A ligação com Monte Caseros, na Argentina, é feita por balsa e a aduana só verifica cargas. O comerciante Ubirajara de Carvalho Londero diz que é intenso o contrabando de pneus, mais baratos no Uruguai, e combustíveis da Argentina. "Os fiscais uruguaios só revistam para pegar propina." O contrabando "mais grosso", segundo ele, é feito de barco - nas margens há dezenas de atracadouros improvisados. A cidade, minúscula, tem três postos de combustível, boa malha viária e nenhuma presença da polícia. "É tudo o que o traficante quer", diz Londero. Além de armas, ele conta que passam pelo rio pedras semipreciosas brasileiras, levadas "a rodo" para o Uruguai.
Em Uruguaiana, maior porto seco do País, a 650 quilômetros de Porto Alegre, o tráfego na ponte internacional é intenso e escapa de controle. A ponte sobre o Rio Uruguai liga a cidade a Paso de Los Libres, na Argentina, porta de entrada para o Mercosul. São pelo menos 500 caminhões de carga e cerca de 2.500 automóveis por dia.

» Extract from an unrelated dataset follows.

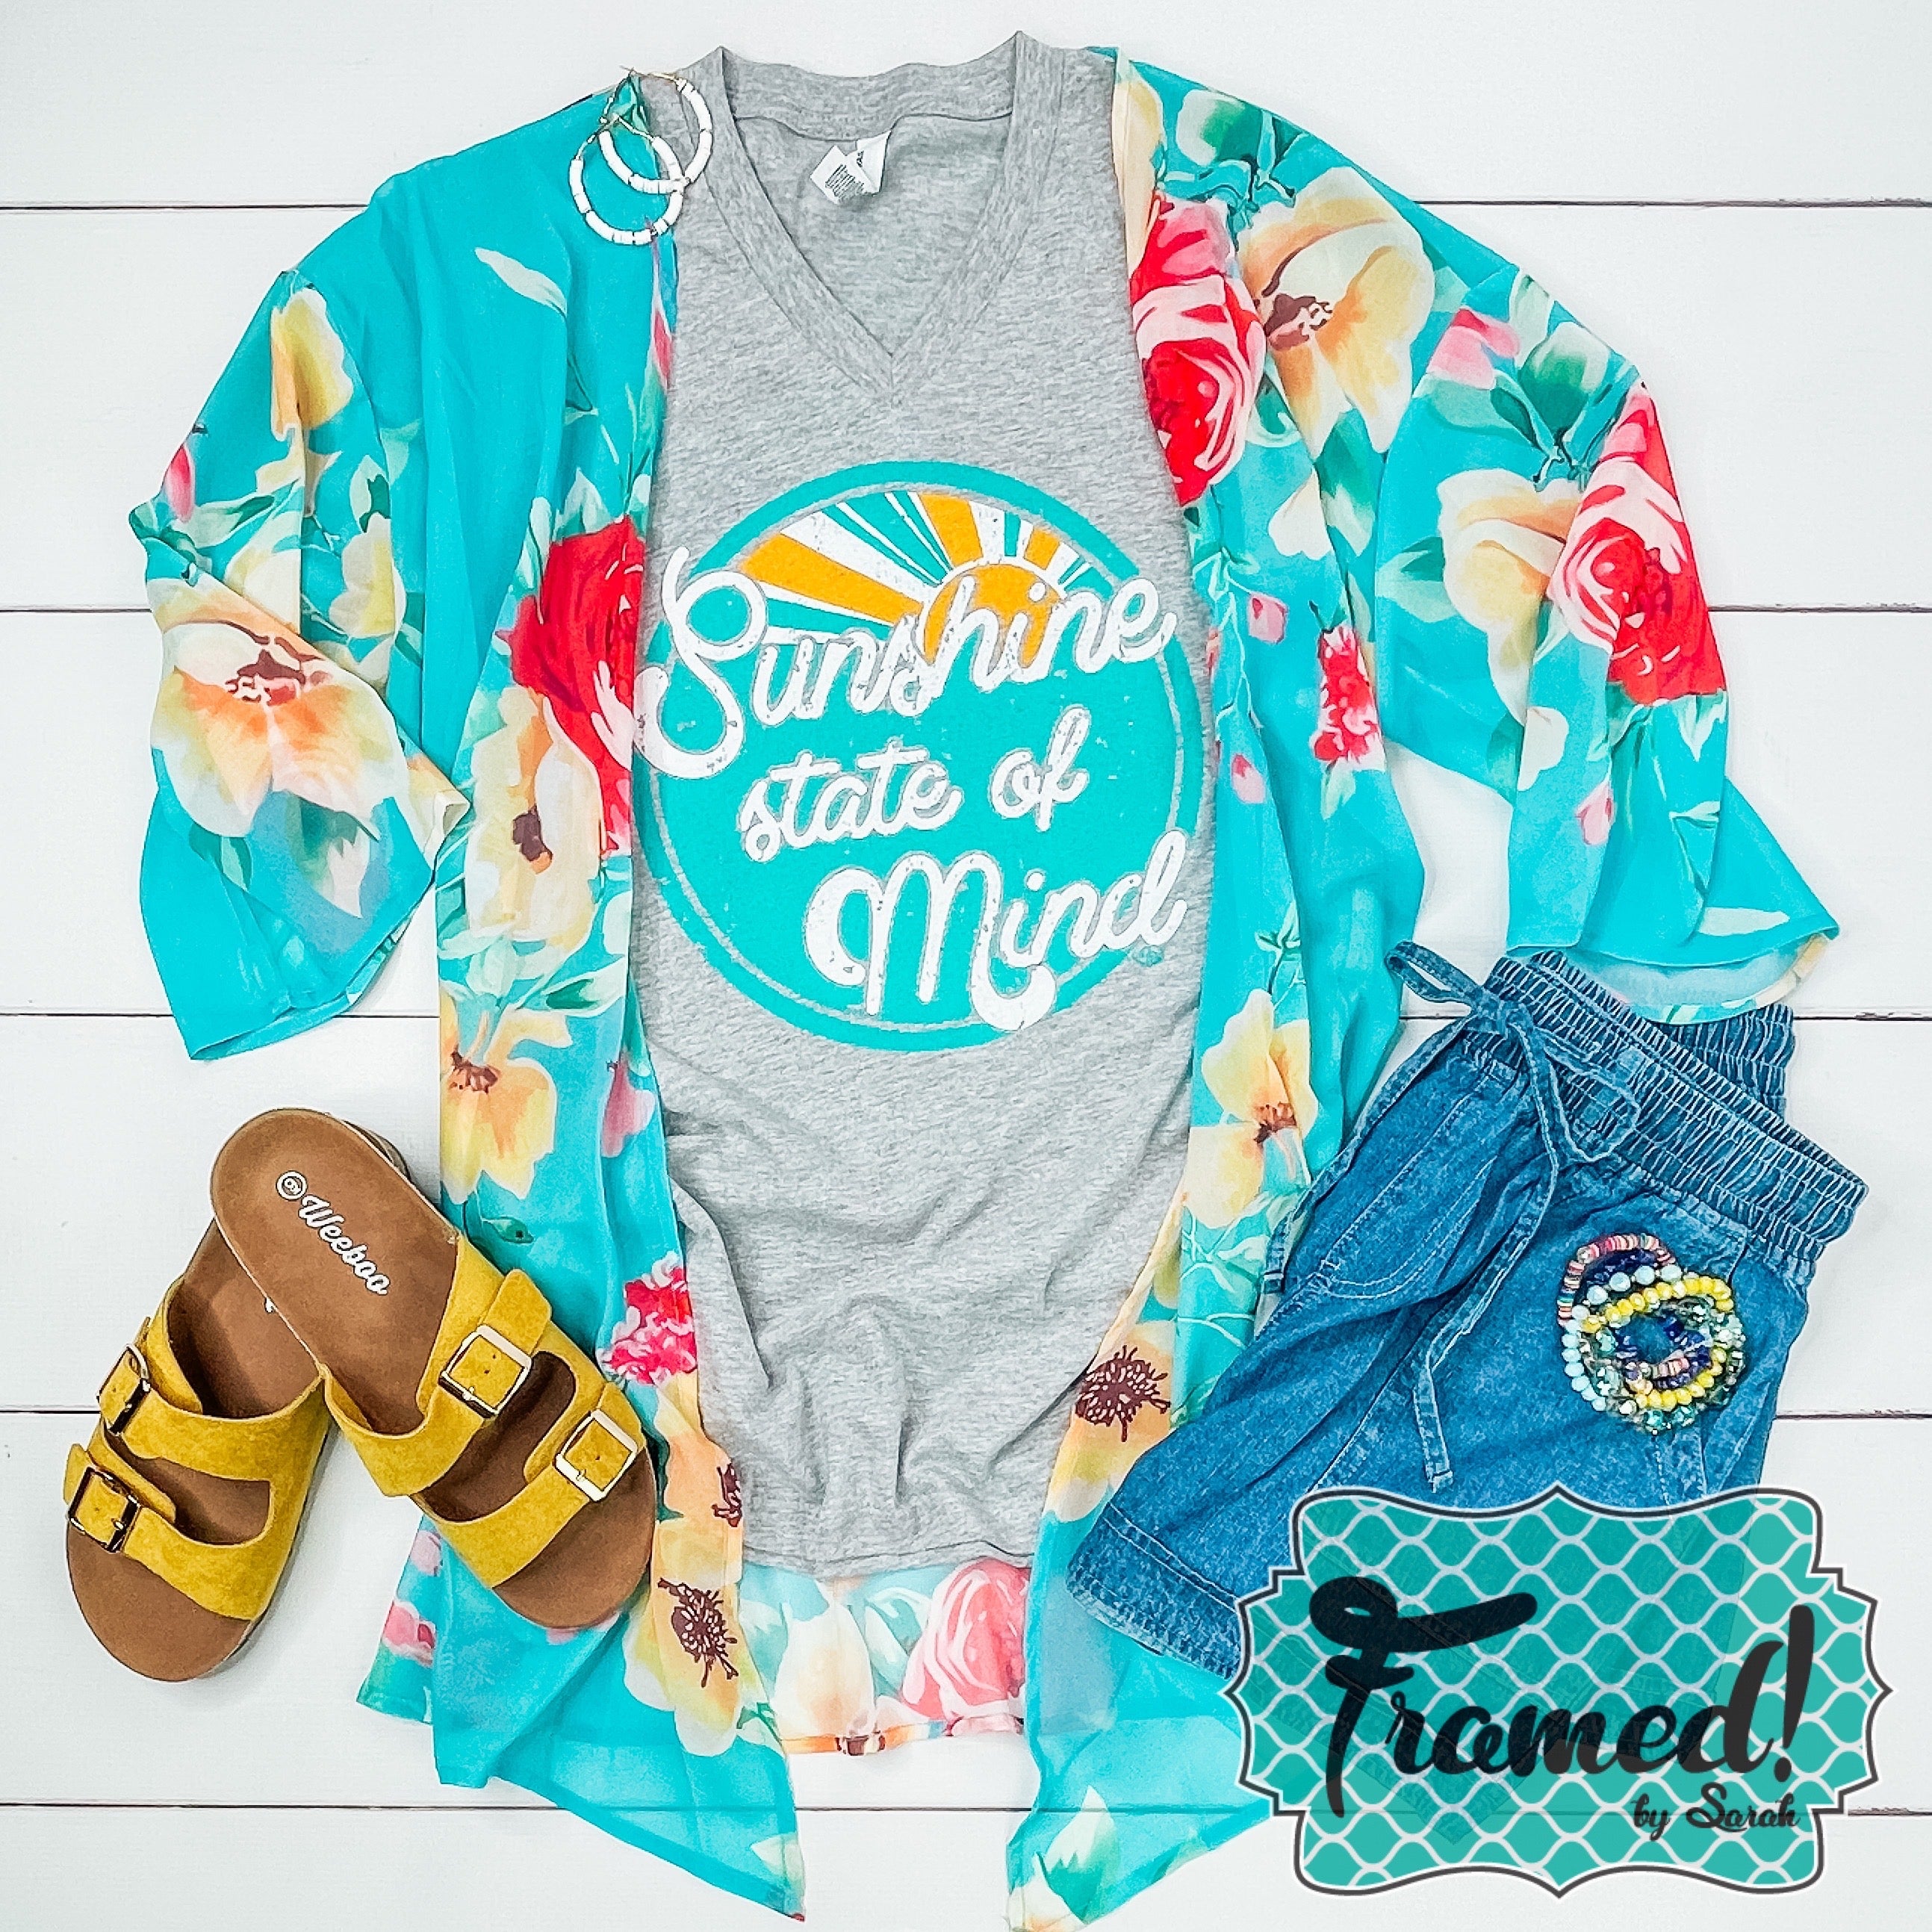 Sunshine State of Mind Tee (Small Only)

A Receita vistoria as cargas por amostragem, parando apenas 5% das carretas. A polícia aduaneira argentina fiscaliza com excessivo rigor a entrada dos carros brasileiros - exige documentos originais do veículo e dos ocupantes e ainda cobra taxa de ingresso de R$ 4 por pessoa. Em Los Libres, pelo menos três lojas vendem armas de todo tipo, inclusive fuzis. O trânsito no sentido inverso, para Uruguaiana, não tem fiscalização. A cidade entrou na mira da CPI do Tráfico de Armas, que chegou a ouvir pessoas conhecidas no fim do ano passado.